TÜRK’TEN ÇAKAL OLMAZ… ERMENİ’NİN LEŞİNE İŞTAHLANMA…
Her milletin sembol olarak kullandığı bir hayvan figürü vardır. “Bozkurt Destanı” ile Türk Milleti’nin sembolü “kurt” figürü olmuştur. Bir çok Türk Devleti ve Türk Boyları, bayraklarında “kurt” simgesi kullanmışlardır.

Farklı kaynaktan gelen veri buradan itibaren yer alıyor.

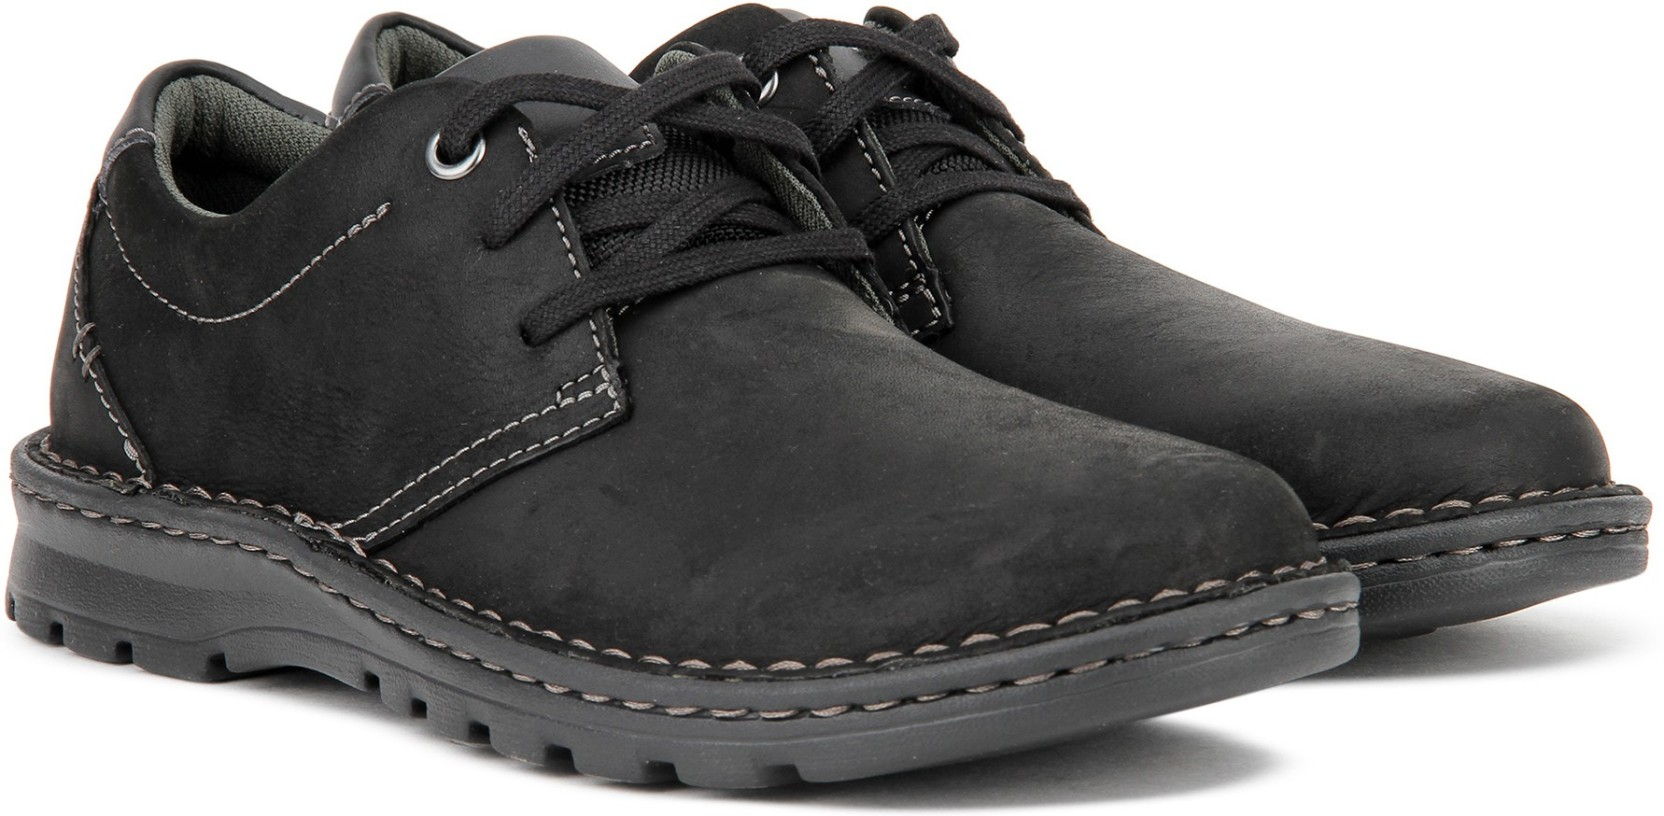 94ce3915edd Clarks Vanek Plain Casual For Men - Buy Black Leather Color Clarks ...
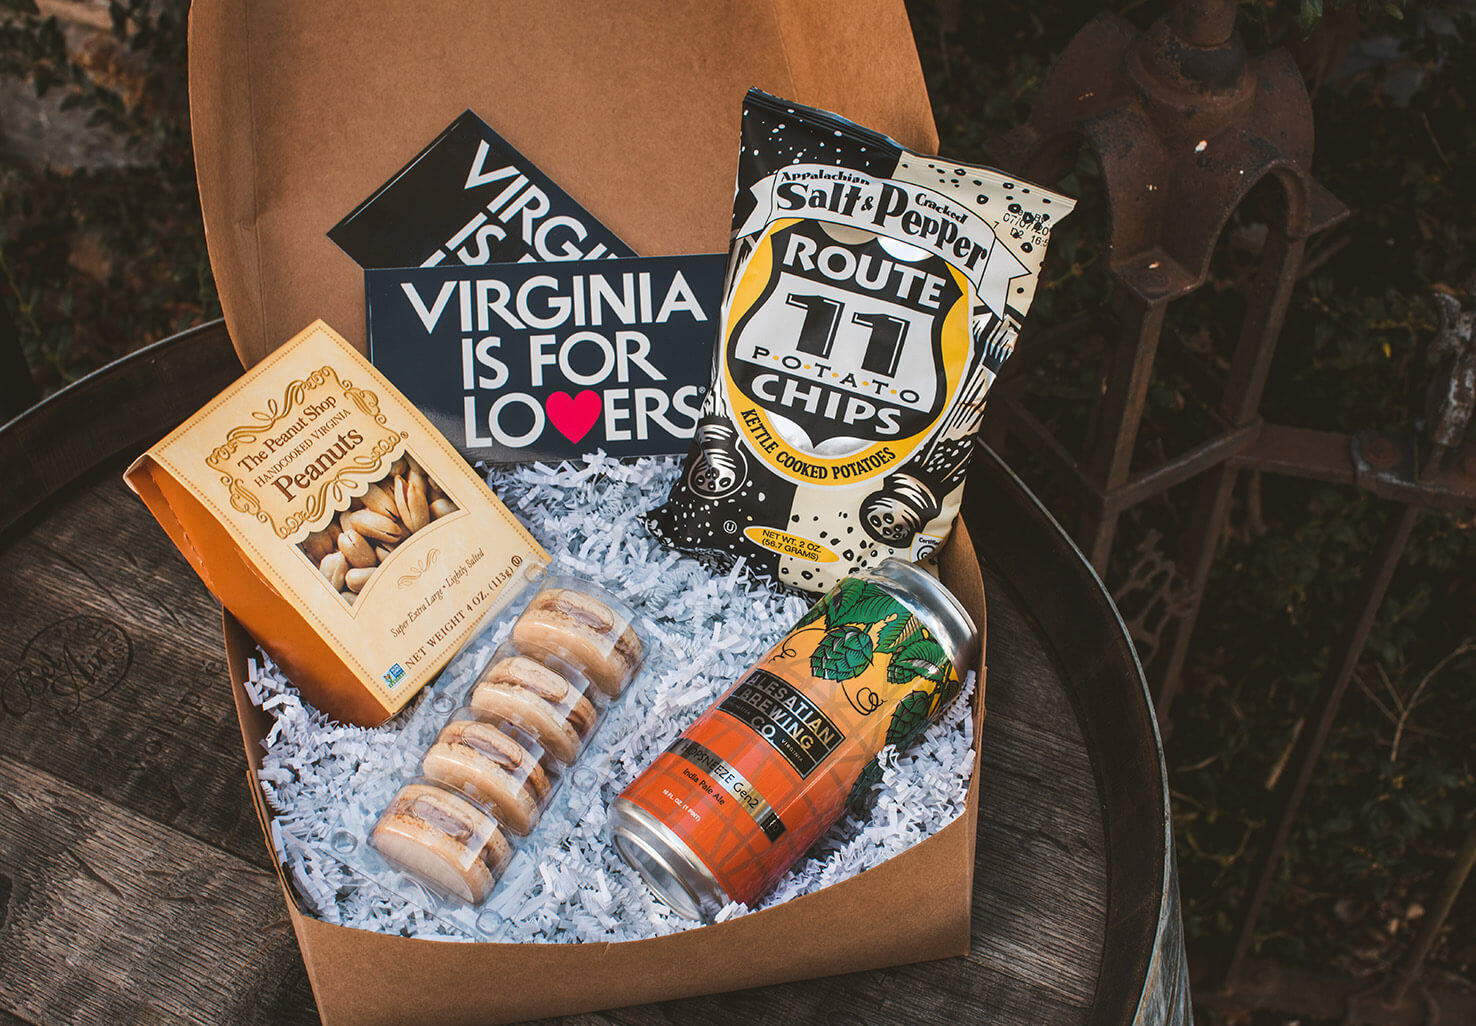 Shenandoah Getaway Virginia Welcome Snack Box

Türkler, “kurdun” yaşam tarzını sevmişlerdir. Kurt, özgürlüğü sever. Bir ailesi vardır. Ve o ailede bir hiyerarşi vardır. Kurtlar akrabaları ile çiftleşmezler. En önemlisi çok aç kalmadıkça “leş” yemezler. Avını yakalayıp, yemeyi sever. Yani avına kaçıp, kurtulma şansını da tanır. Bu nedenle kurtlar çoğu zaman aç gezer.
Görüldüğü gibi, kurtlar, aileye önem vermesi, belli ilkeleri içerisinde yaşamını sürdürmesi gibi özellikleri nedeniyle, Türklerden, belli bir saygı görmüşlerdir.
Çakalı ise anlatmaya gerek yok. Çakal, Türkler arasında güvensizliği, kalleşliği, fırsatçılığı, çıkar düşkünlüğünü ifade eder. Herkes “Kurt gibi açıktım…” der, ama, çakala benzetilmek istemez.
Ancakkkkkkkk….
Yeni moda “çakal” olmak galiba…
Ermenistan’daki “leş”e, göz koyan çakallar gibi…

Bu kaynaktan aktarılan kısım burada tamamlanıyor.